When it first started happening to me around 2015, I assumed it was a function of age. But the longer I go, I’m beginning to suspect it’s information fatigue

When it first started happening to me around 2015, I assumed it was a function of age. But the longer I go, I’m beginning to suspect it’s information fatigue. You may have it too. I think all our attention spans have been injured by the near constant barrage of crisis headlines, racist populist rhetoric and divisive politics. And so, while I would usually follow the happenings at the General Assembly with the rapt attention that others usually reserve for Yelp reviews, I spent all of this weekend next to a box of Thai food, binging on a show called Years and Years in an effort to escape.

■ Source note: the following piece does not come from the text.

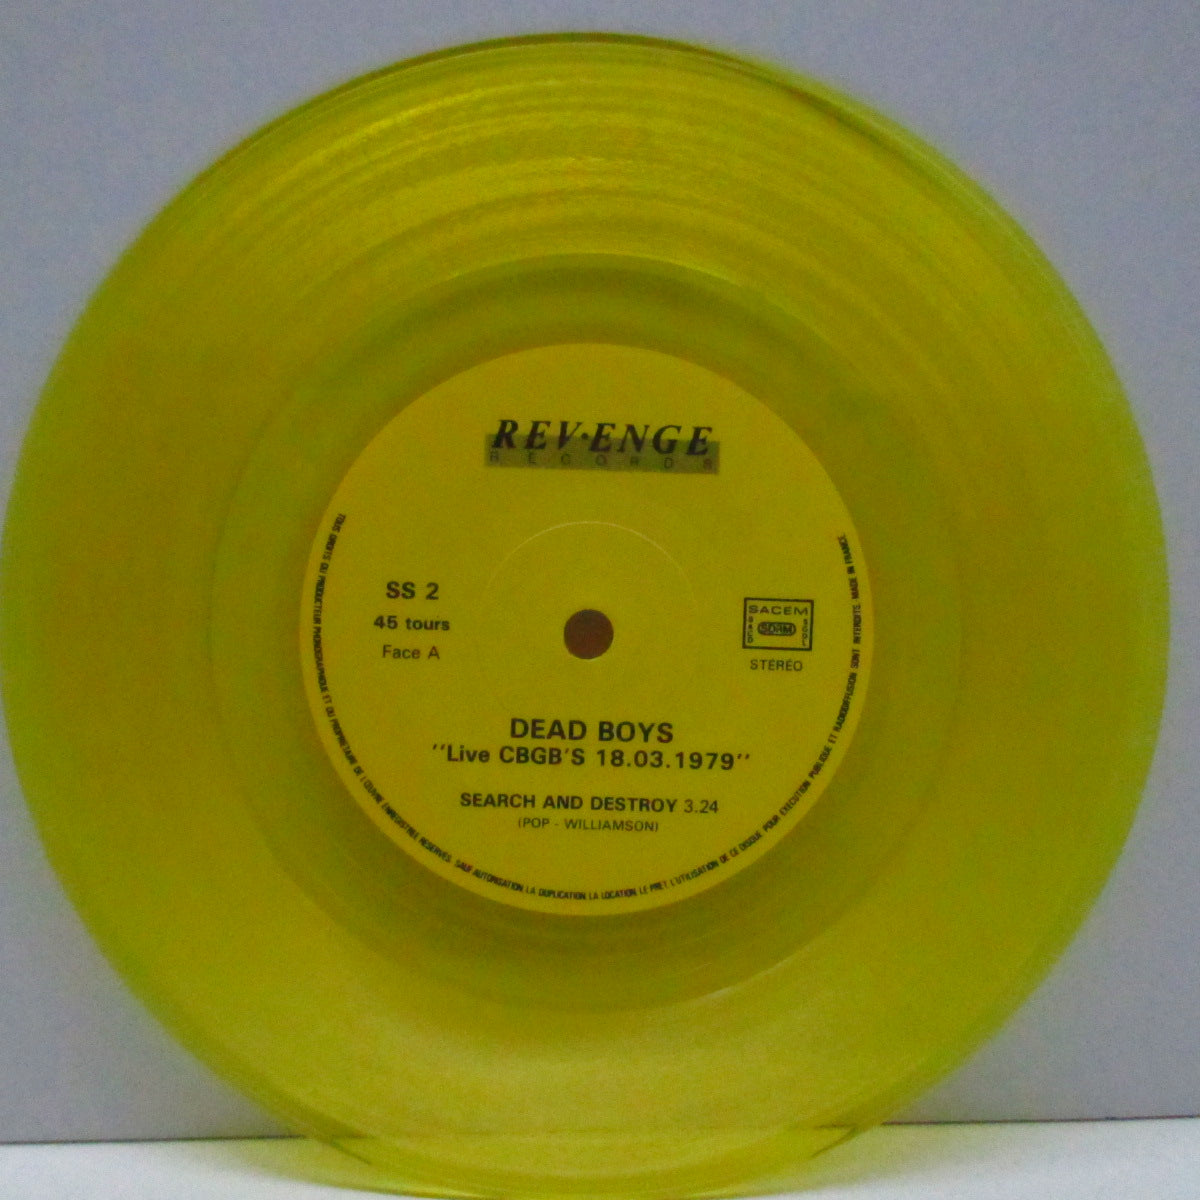 DEAD BOYS (デッド・ボーイズ) - Search And Destroy (France Ltd.Yellow Vinyl 7)

It’s a wonderful show, and not only because Emma Thomson plays a chicer version of Donald Trump. The show revolves around the Lyons family in London, a updated Narnian nuclear family of two brothers and two sisters (and assorted spouses) raised by their long-lived granny. We follow each of them through the years see how things like Brexit, nuclear war, Trump, climate change, social inclusivity, financial collapse and technological integration affect people on both a micro and communal level. At its best, the show is an alarming and intelligent mind exercise to explore what our world could look like in five years, ten or fifteen. But its true appeal is its ability to interrogate our assumptions about who – or what – is responsible for the world we are creating. Through all of it, the show’s diversity acts as a salve for a wound I didn’t even know I had as a viewer.

Promotional image for HBO's 'Years and Years'


The only thing it didn’t do was make me forget about the real world headlines. I saw the whole series in one straight run (there are only 6 episodes) and I woke up the next day with that strange feeling you get after binging on a TV show, where the line between show and reality blur. It can be disconcerting, like when I couldn’t shake the feeling I was in a women’s correctional facility after twelve hours in the Orange is the New Black universe.

And like all our other millennial habits, it feels like Years and Years is aware of this effect too. Its content is convincing because its well conceived, but also because it’s rooted enough in our present reality that when I woke up the next day to see Modi and Trump holding hands like a couple from the Bachelorette in the middle of stadium of screaming nationalists, I worried that I hadn’t shut the TV off last night.

I’m writing about it this week because – like many of us – I’ve been considering the effect that the immediacy of information can have on us as individuals in the long run. Our country is going through an economic crisis right now. In all likelihood, things will get worse. That sense of dread is near universal now, and most of generation is still trying to figure out how much of the dread that we are blasted with is keyboard warriors trying to be heard over each other, or else a very real sign that we are sinking.

This show is the first cultural product I’ve seen in a long time that knew that asking questions is often more useful than proving answers.